There are plenty of other reviews here that deal with the (brilliant) performances and (actually pretty derivative) story but the real news here is that we have a new composer who stands, on this evidence, on the same plain as Ennio Morricone. Blimey.
Accomplished film making with hollow core
To quote from Amazon's own review: `that we don't entirely understand Plainview at the film's conclusion is not a shortcoming, but rather a tribute to the depths of this most vile creature and this most brilliant film.'
Well I beg to differ: but it IS a shortcoming. Or it felt like one to me.
Just like No Country for Old Men, which I watched the subsequent night in a double bill of shattered-American-Dream masochism, it's an accomplished piece of film making containing a virtuoso performance or two. But likewise, it has been praised beyond its due and fails for not dissimilar reasons.
Day Lewis' character seems to have come from nowhere and journey from there to a richer, lonelier nowhere. Other than a brief insight into his motivation midway - where he illuminates us that he hates mankind - there is no explanation for his actions and his ruthless drive for money. He betrays everyone - townsfolk, son, brother. And his nemesis - preacher Eli - is just as scarily off the sanity Richter Scale, so there is no moral measure against which to guage him.
Some - like Amazon's own reviewer - will argue this doesn't matter. Except that makes it hard to care what happens to anyone, so by the time we reach the final scene it seems grotesque but dissatisfying. Plainview's son, his fellow oil men, the village inhabitants are too thinly outlined - characters are brought in, like the stubborn farmer who will not sell his land, then disappear - and was I the only one confused by the two lookalike-y brothers at the start? The result is not just rambling but disengaging, as man's every raison d'être - capitalism, faith, familial love - is set up and knocked down; and nothing remains, or emerges in its stead. I've heard this film described as a parable for our times. But where, exactly, is the moral or spiritual insight to justify such a term when the core is hollow?
At risk of being yet more incendiary (no pun intended), whilst there can be no doubt the film is a great vehicle for Day Lewis, I'd contend that he has been better. More than once I felt he was Acting with a capital `A'. Am I alone in having found him more subversive, moving, and above all subtle in his earlier films such as My Beautiful Launderette, My Left Foot and The Unbearable Lightness of Being? Whereas here, as with Gangs of New York, he seems to over egg it, creating a sense he is playing in a different movie to everyone else.
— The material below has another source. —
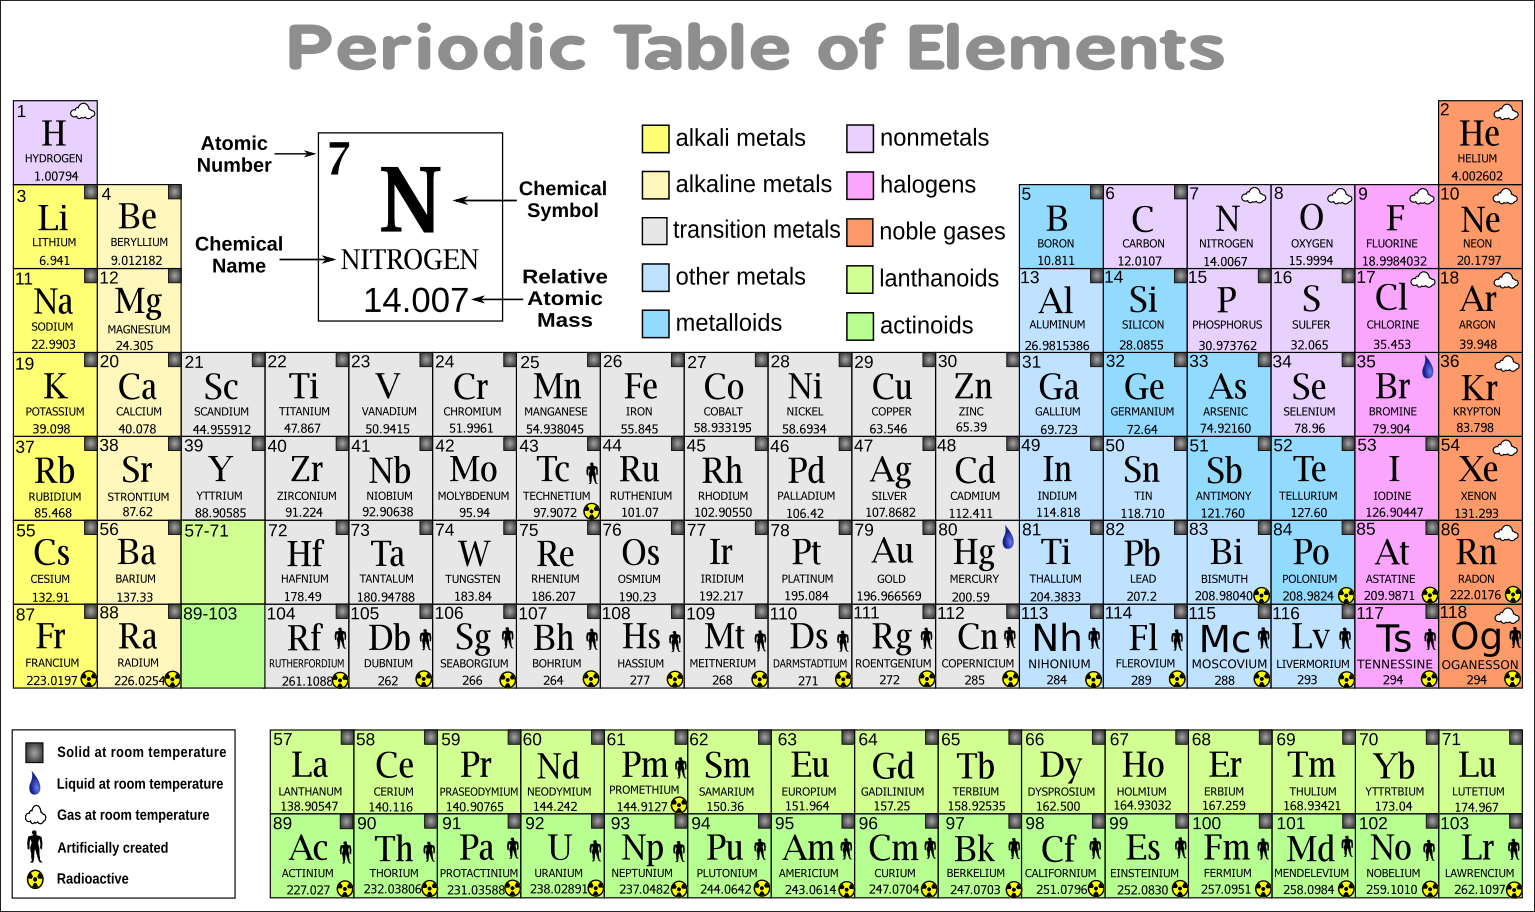 be periodic table
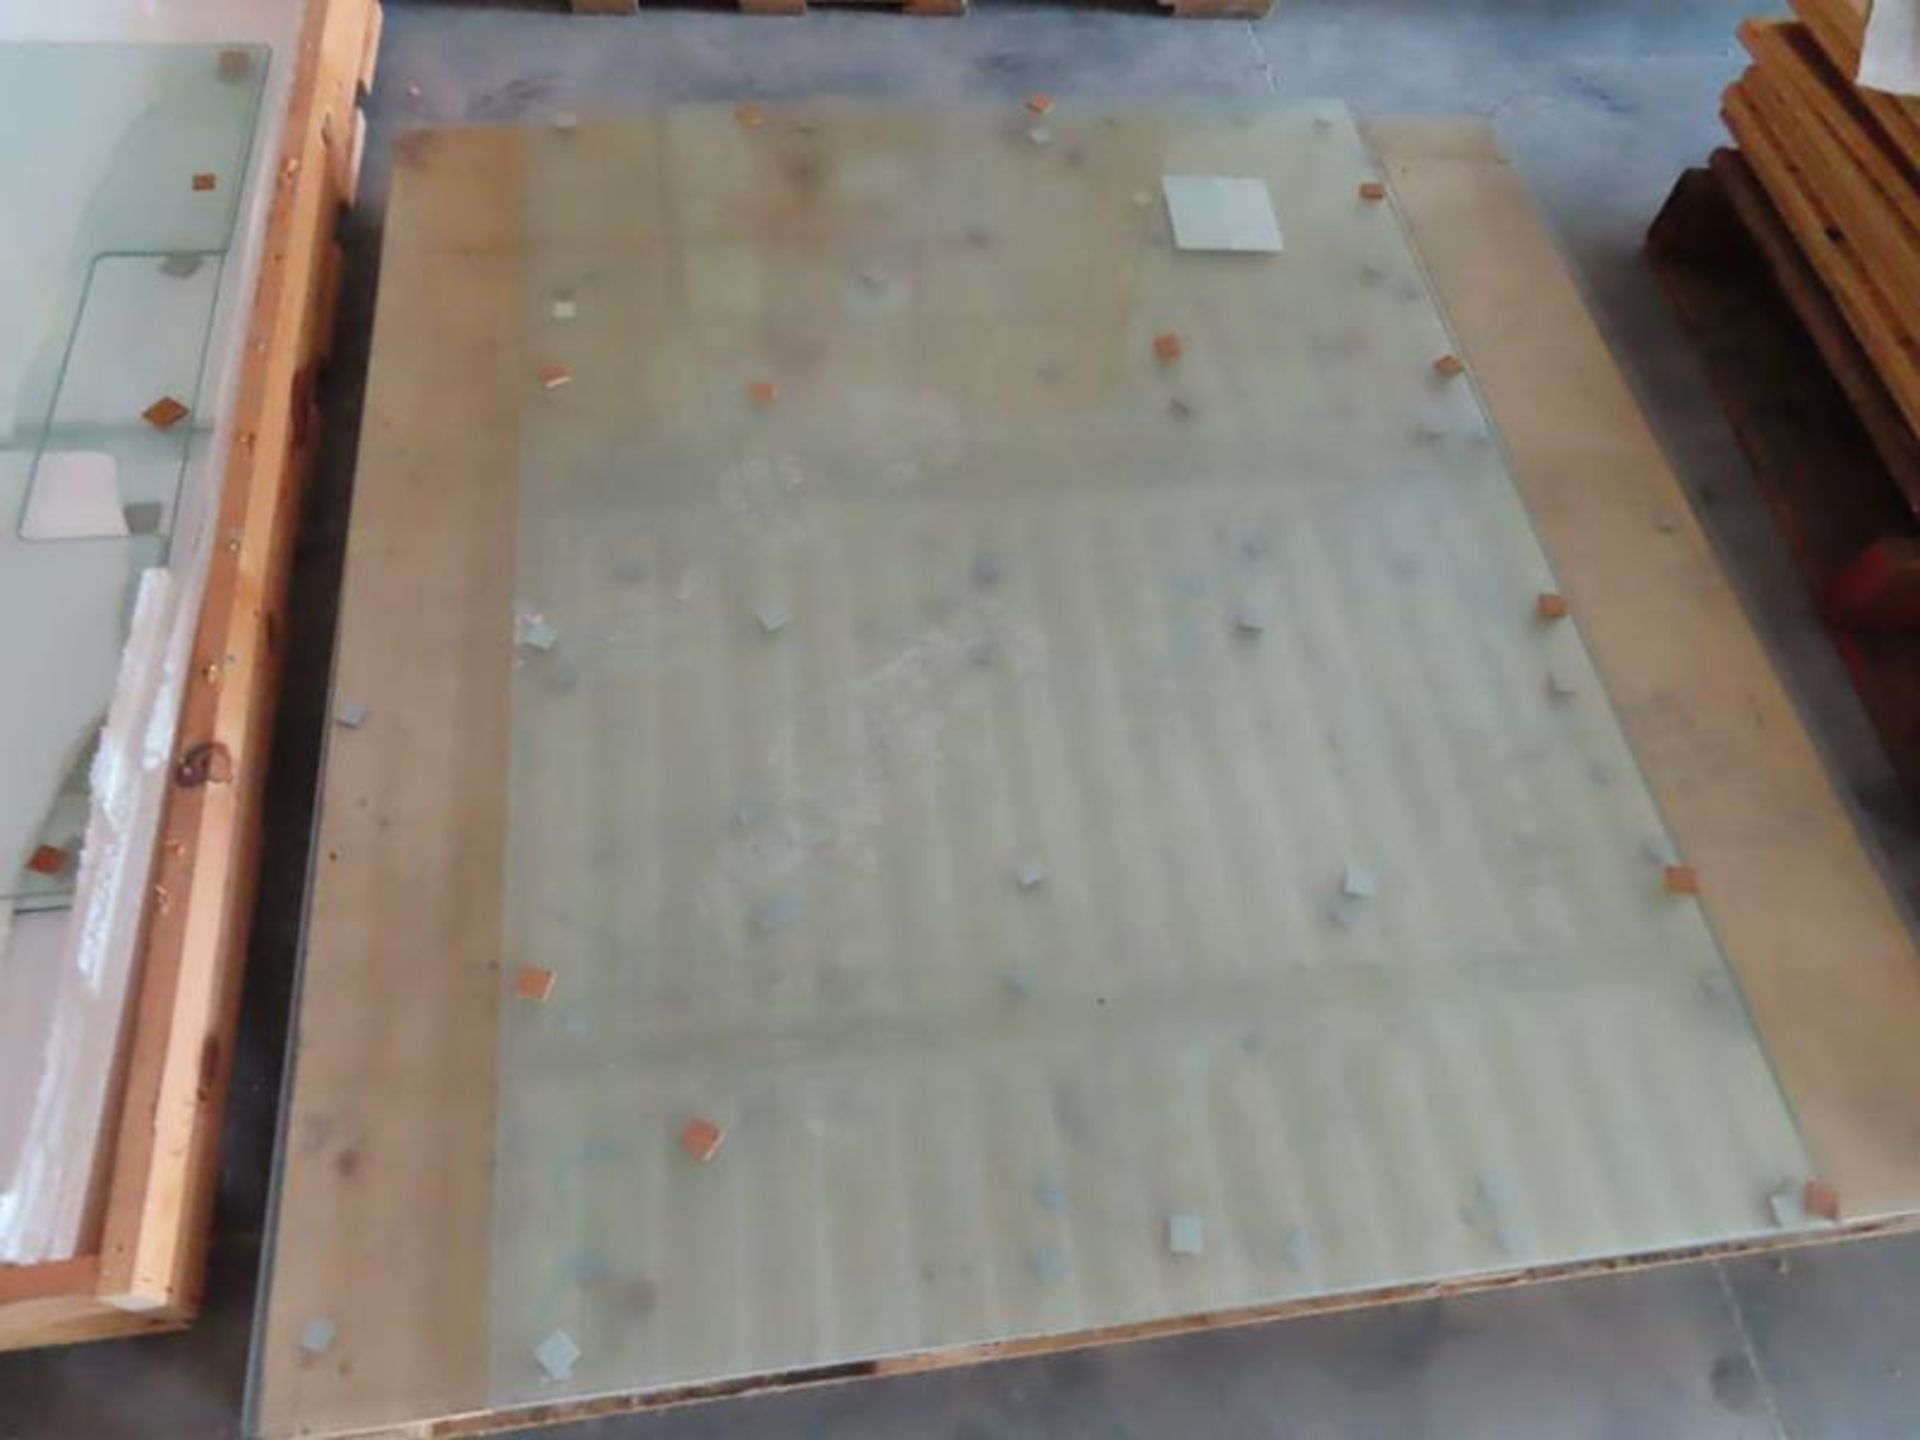 2 PALLETS WITH TEMPERED GLASS PANELS 3FTX4FT - Image 2 of 2

Finally, talking of over egging...that score. It interrupted constantly, like a radio in the same room tuned to a different station. At times it felt better suited to a thriller, at times to an epic romance. Never did it seem to sit with the film it had - presumably - been written for. And that, for me, sealed it. 3 stars. No more, no less.
Bloody Good
Firstly, I disagree with any reviewer who deems this film "boring". Very true that it is of slow velocity in comparison to the majority of contemporary blockbusters, but is this necessarily a bad trait? On the contrary I found it refreshingly intelligent, and in an audacious attempt, reverts to good old traditional film making, of which minimal script and superb acting (which I might add, the screen presence exuded by Day-Lewis is second to none, and is comparable to Javier Bardem's chilling performance as Anton Chigurh in 'No Country For Old Men') carry the film. This, combined with alluring cinematography, tangible score, and Anderson's directorial prowess, yields one fine movie experience.